On 1 September 1928, he rejoined the NSDAP while also joining the SA. On 1 April 1929, he became the leader of the SA detachment in Frankfurt. Beckerle was unusual among the SA leaders in that he was too young to have served in either the First World War and/or the Freikorps, and to make up for his lack of military experience, he became an especially zealous Nazi. From July 1931 to April 1932, he served as the leader of the SA group Hessen-Nassau South. On 24 April 1932, he was elected to the Landtag of Prussia as a Nazi. On 31 July 1932, he was elected to the Reichstag on the Nazi ticket from electoral constituency 19 (Hesse-Nassau) and retained this seat until the fall of the Nazi regime in May 1945.

==Under the Third Reich==
On 1 March 1933, he was promoted to the rank of Gruppenführer. From 1 July 1933 to 31 January 1942, he was in charge of the SA detachment in Hesse. On 14 September 1933, he was appointed acting police chief of Frankfurt and in February 1934 was appointed full-time police chief. Beckerle was one of the SA leaders scheduled for execution by the SS during the Night of Long Knives and only narrowly escaped execution due to the personal intervention of Adolf Hitler himself. Hitler's intervention in 1934 guaranteed Beckerle's unflinching loyalty towards der Führer that lasted for the rest of his life. On 27 February 1935, he married the actress Silke Edelmann. In 1937, he was promoted to the rank of SA-Obergruppenführer. As police chief of Frankfurt and SA leader, Beckerle played a major role in the Kristallnacht pogrom in Frankfurt, organising the burning of all the synagogues in Frankfurt.

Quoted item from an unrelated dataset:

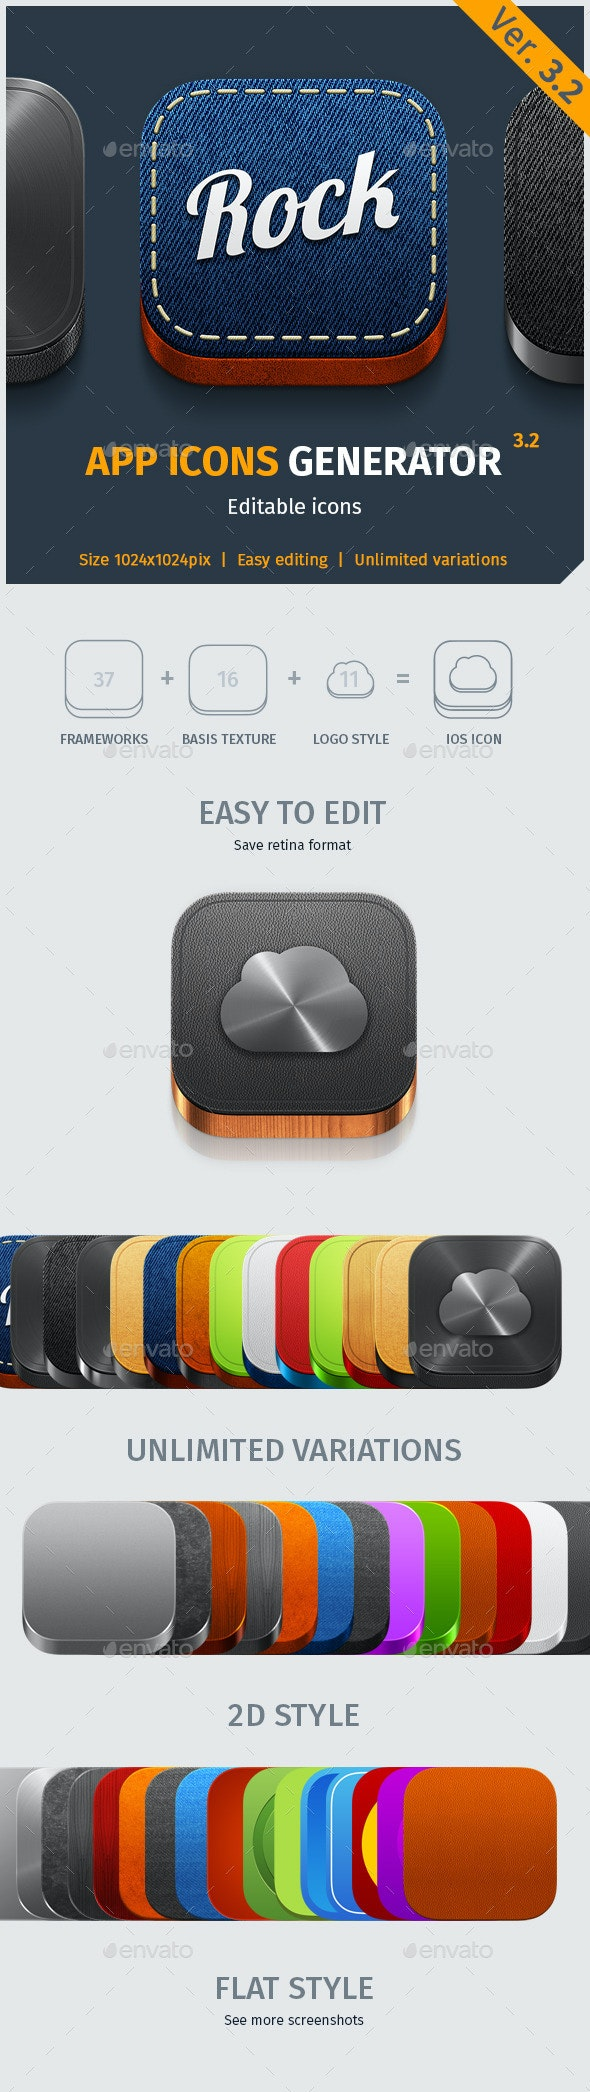 App Icon Generator V.3.2 - Software Icons

After Germany invaded Poland in September 1939, Beckerle served as the police chief of Łódź, Poland from September 1939 to November 1939 where he was noted for his harsh treatment of the Polish, Jewish and Romany communities in Łódź. In report he wrote in the fall of 1939, Beckerle called the Jewish community in Łódź one of "the most dirty places of the most disgusting East European Jewry". Beckerle wrote about how much he hated the Orthodox Jewish men of Łódź in their long breads and "draped in dirty caftans" and the "insolent Jewish women". A leitmotiv of his report was linking the Ashkenazim (Yiddish-speaking Jews) with dirt and filth. From November 1939 – June 1940, Beckerle served in the Wehrmacht.

==Minister in Sofia==
In January 1941, long-standing rivalries between the Auswärtiges Amt (Foreign Office) and the SS exploded with the attempted coup d'état in Bucharest that saw SS back the coup by the Iron Guard under its leader Horia Sima against the Prime Minister, General Ion Antonescu while the Auswärtiges Amt together with the Wehrmacht backed Antonescu. In the aftermath of the coup, the Foreign Minister Joachim von Ribbentrop made an effort to club the power of the SS to conduct a foreign policy independent of the Auswärtiges Amt. Taking an advantage of the long-standing rivalries between the SS and the SA, in 1941, Ribbentrop appointed an assemblage of SA men to head the German embassies in Eastern Europe, with Beckerle going to Bulgaria, Manfred Freiherr von Killinger going to Romania, Siegfried Kasche to Croatia, Dietrich von Jagow to Hungary, and Hanns Ludin to Slovakia in order to ensure that there would be minimal co-operation with the SS. The SA leader Viktor Lutze was asked by Martin Luther for a list of SA officers suitable to serve as diplomats and Beckerle was one of the names on the list. The role of the SA ambassadors was that of "quasi-Reich governors" as they aggressively supervised the internal affairs of the nations they were stationed in, making them very much unlike traditional ambassadors. The German historian Daniel Siemans wrote that it was significant that four of the five SA ambassadors had served as policemen in their careers, suggesting it was their ability to impose their will on others as police chiefs that led to them being appointed as ambassadors.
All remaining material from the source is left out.